START Information provided

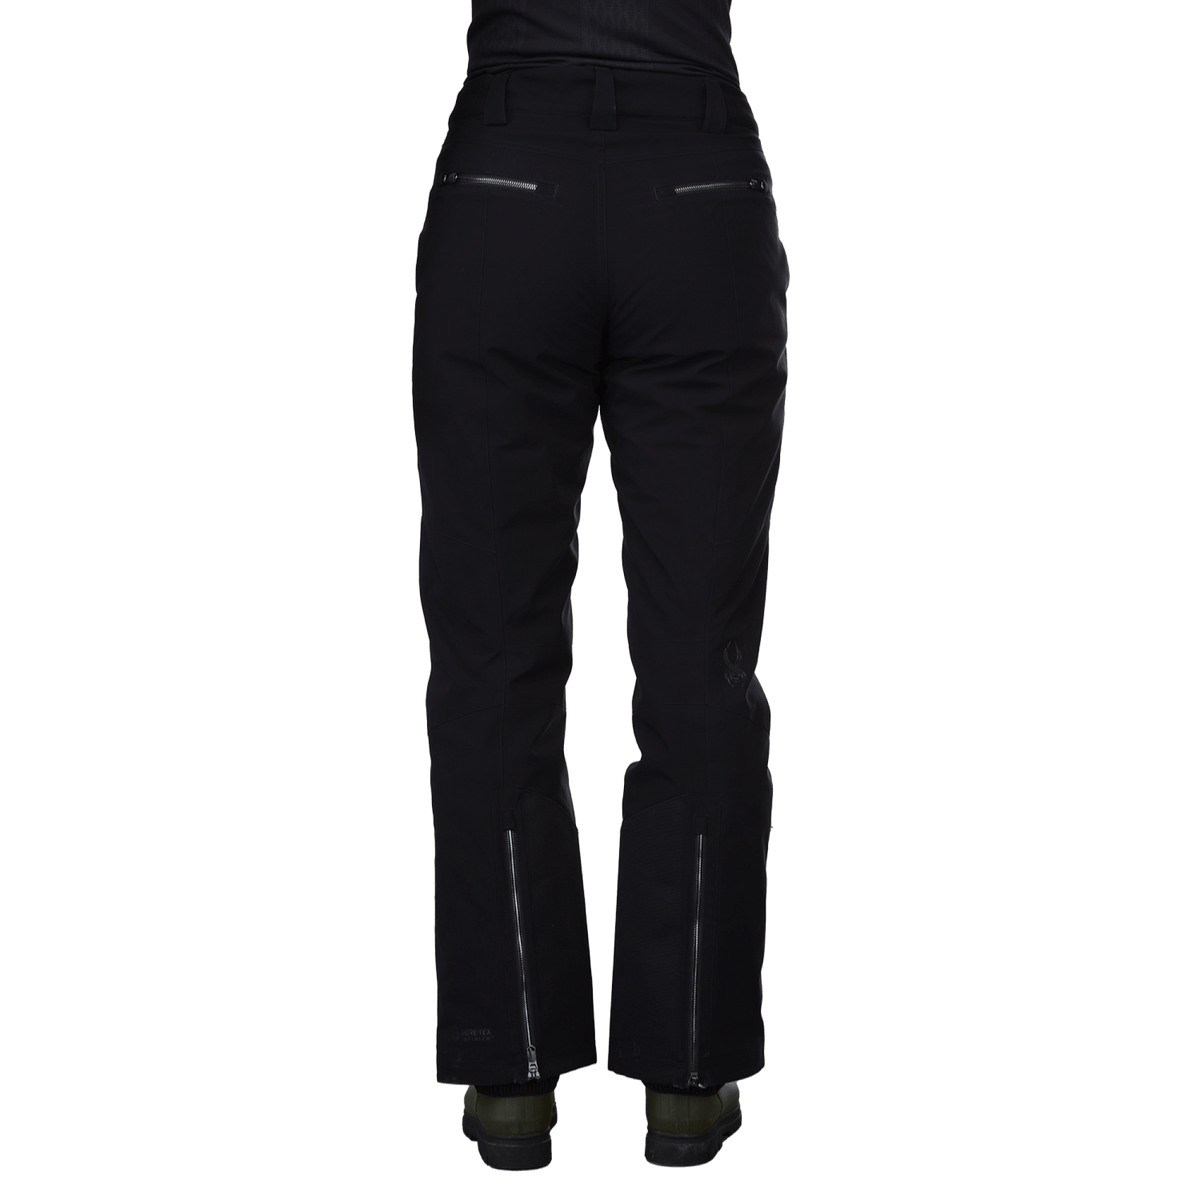 Spyder Winner GTX Womens Pants – Oberson
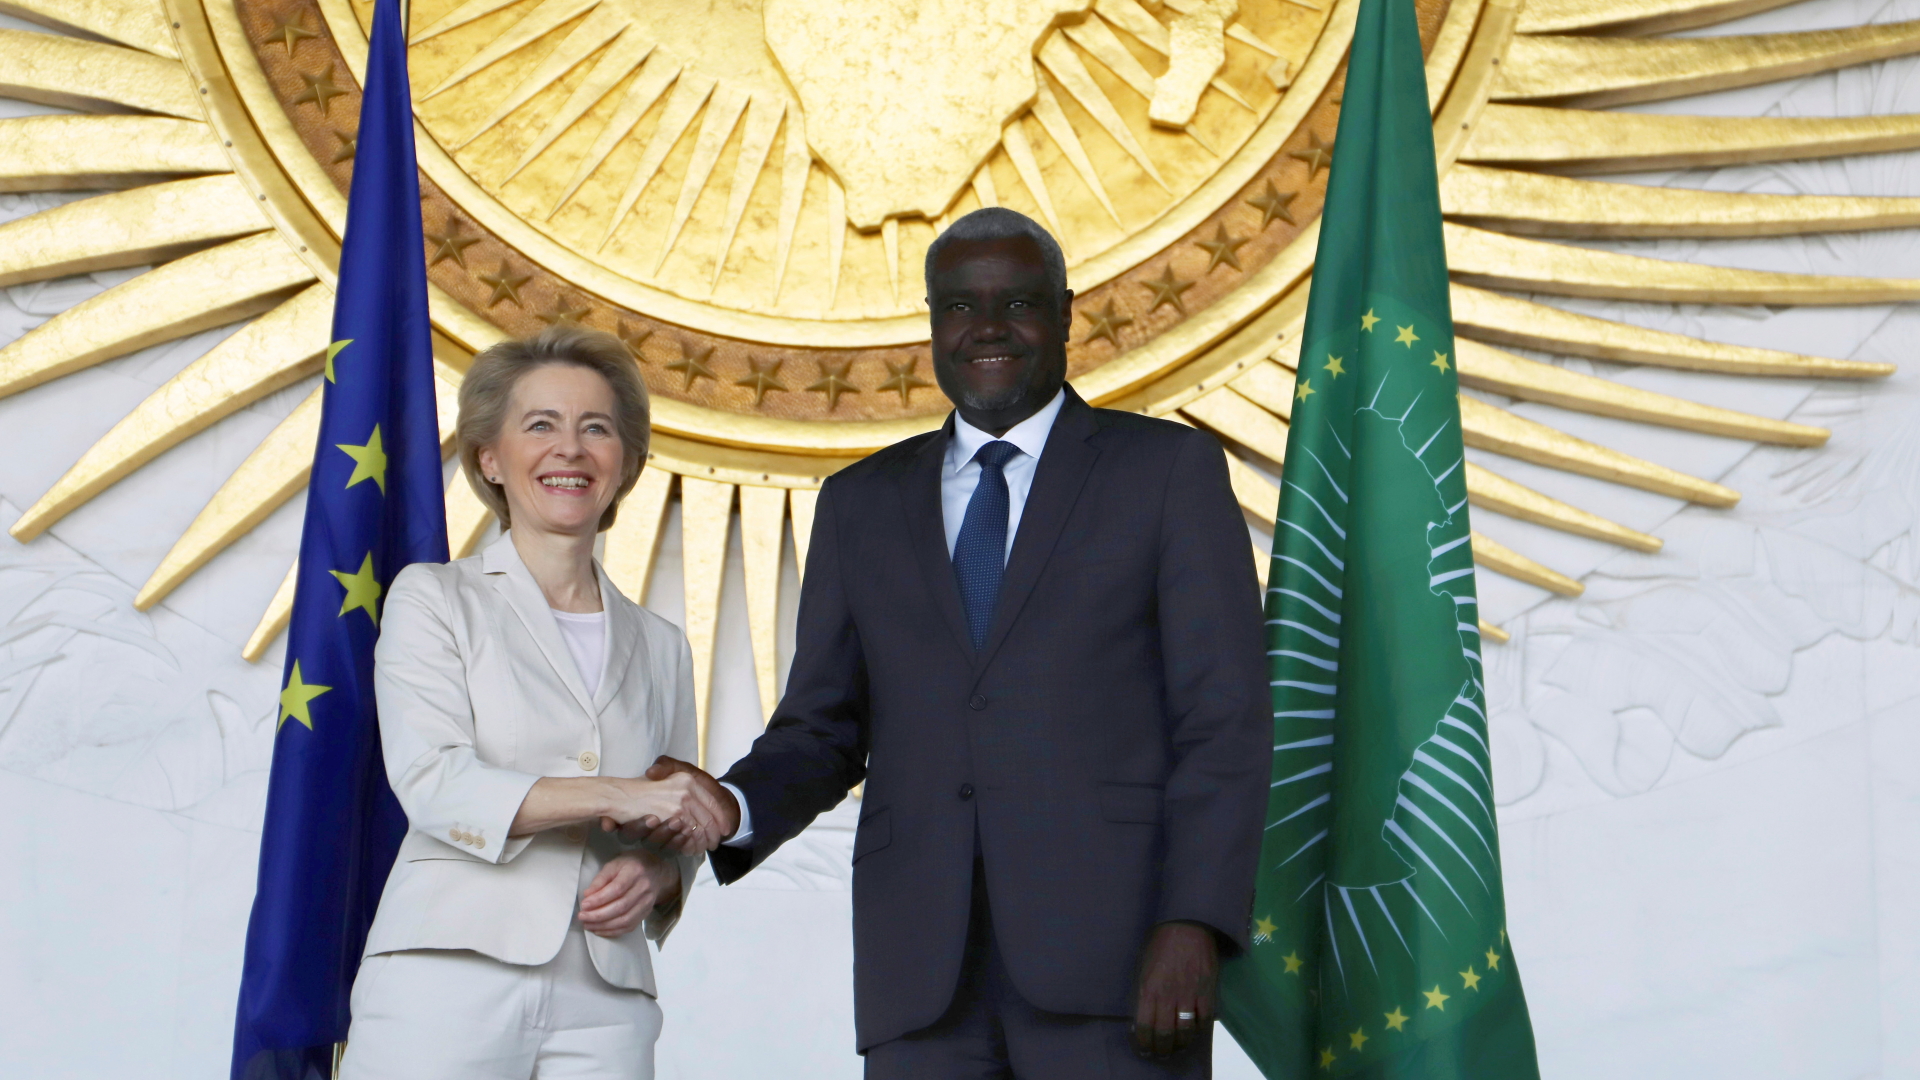 EU-Kommissionspräsidentin Ursula von der Leyen bei Handschlag mit dem Chef der Afrikanischen Union, Moussa Faki. | REUTERS
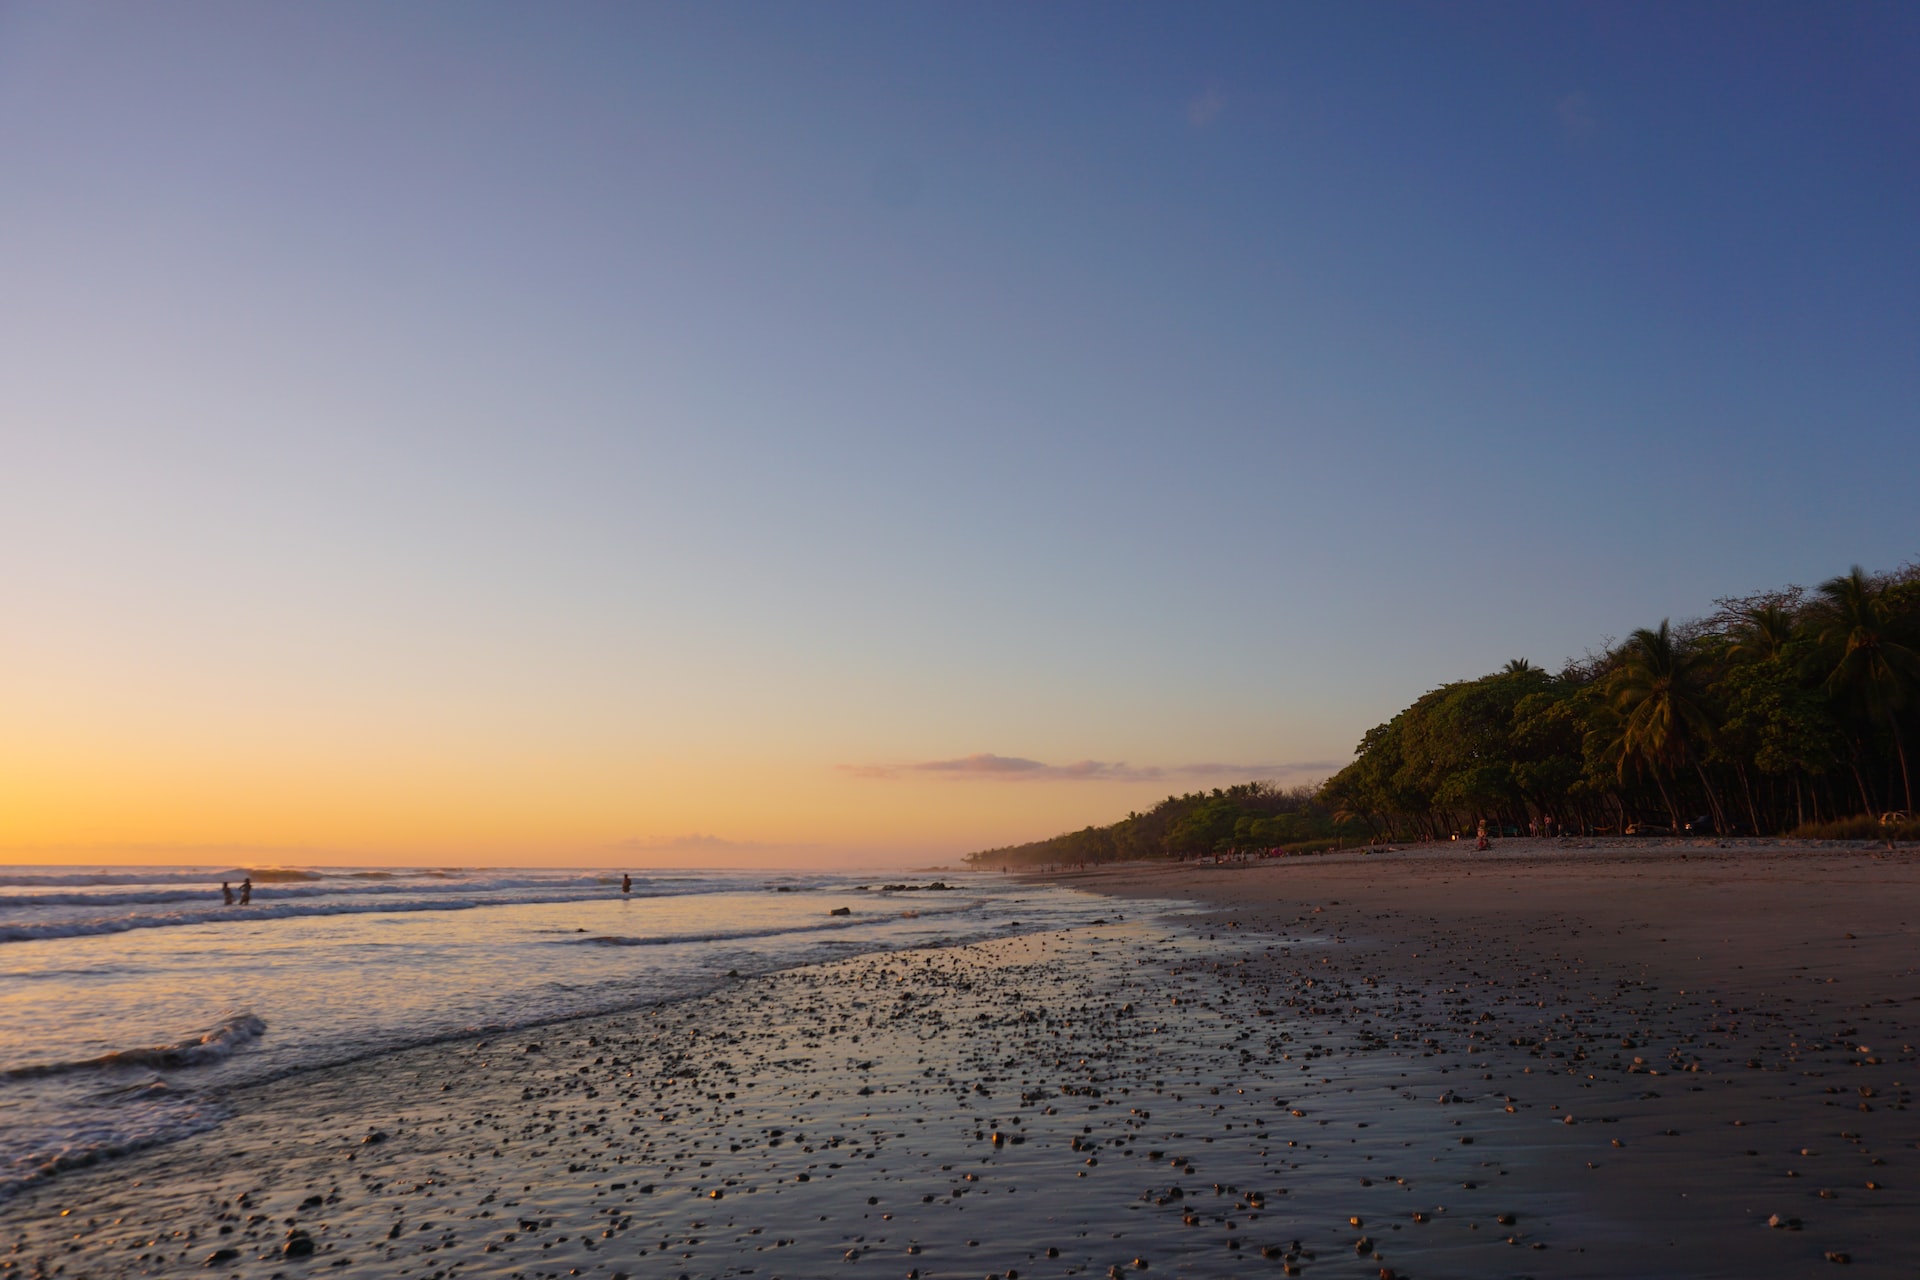 Top 5 Things To Do In Santa Teresa Costa Rica

END Information provided

## Work instruction:
In copying the material, drop all pictures and keep everything else identical.

## Finished task:
 Spyder Winner GTX Womens Pants – Oberson
 EU-Kommissionspräsidentin Ursula von der Leyen bei Handschlag mit dem Chef der Afrikanischen Union, Moussa Faki. | REUTERS
 Top 5 Things To Do In Santa Teresa Costa Rica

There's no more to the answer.